5. Discussion and Conclusions

This article proposed a synthetic indicator constructed from the variables that compose the UI GreenMetric. The aim was to produce a ranking of the 719 universities that participated in the 2018 UI GreenMetric, and thereby obtain information to complement that provided by UI. First, clustering methodology was used to ensure the homogeneity of the samples and thus provide optimal conditions for the application of DEA.

The cluster analysis allowed us to identify four levels of sustainability representing the different degrees of commitment shown by the campuses: high, medium-high, medium-low, and low sustainability, with the latter two groups representing 64% of the total sample. The statistics for these groups revealed that the institutions that achieved the lowest scores in sustainability should take stronger measures in all of the variables analyzed, but particularly to the treatment of water and waste. On the other hand, the most committed universities (high and medium-high) managed to obtain maximum scores in the treatment of water and waste as well as in research and other related educational aspects. These conclusions were also corroborated by the Kruskal–Wallis test, the results of which revealed that the environmental variables (Water, Waste, and Energy & Climate Change) represented the categories that set the highest-ranking institutions in each group apart from the rest.

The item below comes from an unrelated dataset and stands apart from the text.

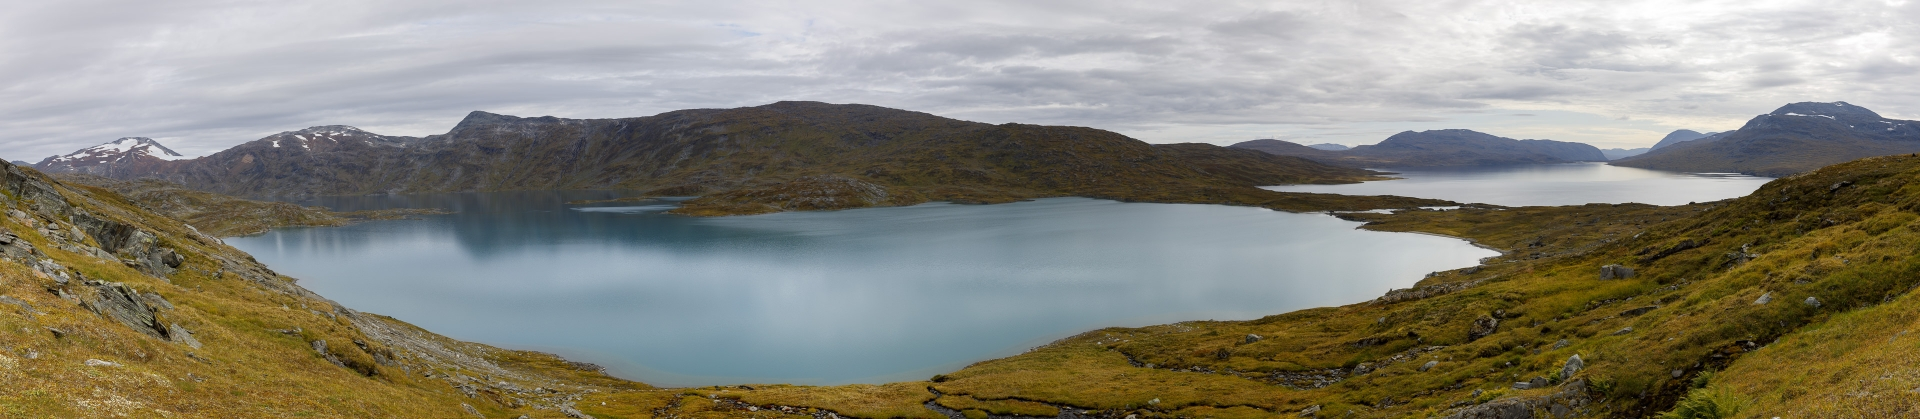 Panorama Bovrojávri und Kåbtåjaure

The DEA-GreenMetric contributes to the literature by enabling a ranking of universities according to the intensity of their efforts to manage environmental concerns and sustainable development. The application of the DEA technique assigns maximum scores to a number of universities, ranking the rest according to their relative efficiency levels. The possible ambiguity resulting from the classification of universities located on the efficiency frontier (efficiency scores of 1) was resolved by applying CE, which enabled a complete ranking of all universities.

In short, this research has yielded a synthetic indicator to complement the information provided by the UI GreenMetric; the methodology used to produce the latter means that two institutions can obtain the same score. The results for the top five universities in each group revealed a degree of similarity between the UI GreenMetric and the indicator created. Furthermore, it can be concluded that sustainability efforts focused on environmental variables are the least well-established in these institutions. Universities should thus take measures to improve their performance in all issues related to waste management and water as well as energy and climate change.

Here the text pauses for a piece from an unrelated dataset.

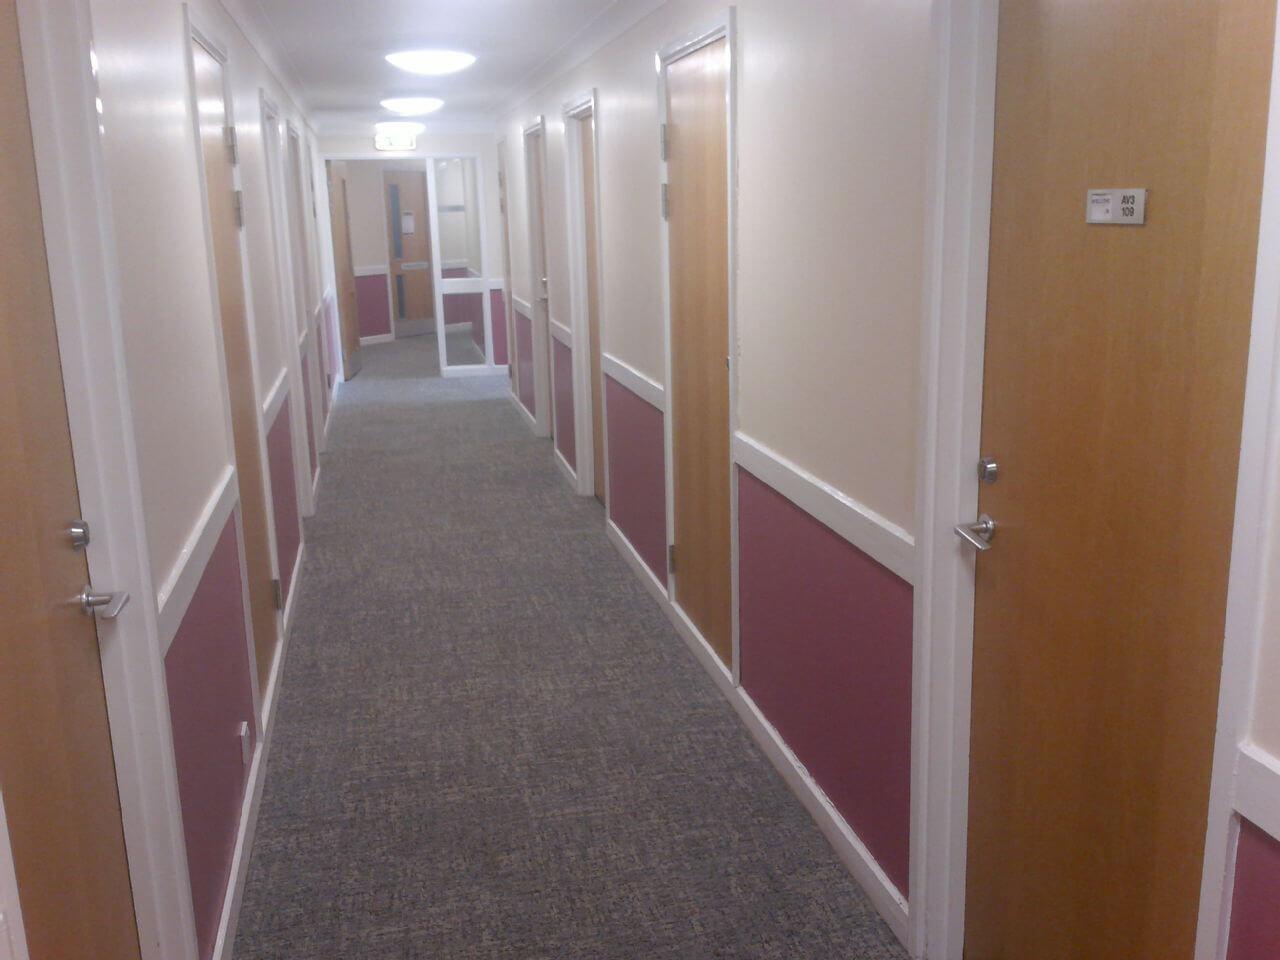 AV Corridor

Subsequent publications of the UI GreenMetric report will allow these results to be updated in order to assess the progress made by the universities analyzed. The greater public awareness of sustainability calls for a high degree of transparency so that the policies being implemented can be clearly understood and serve as a model for institutions that are lagging behind.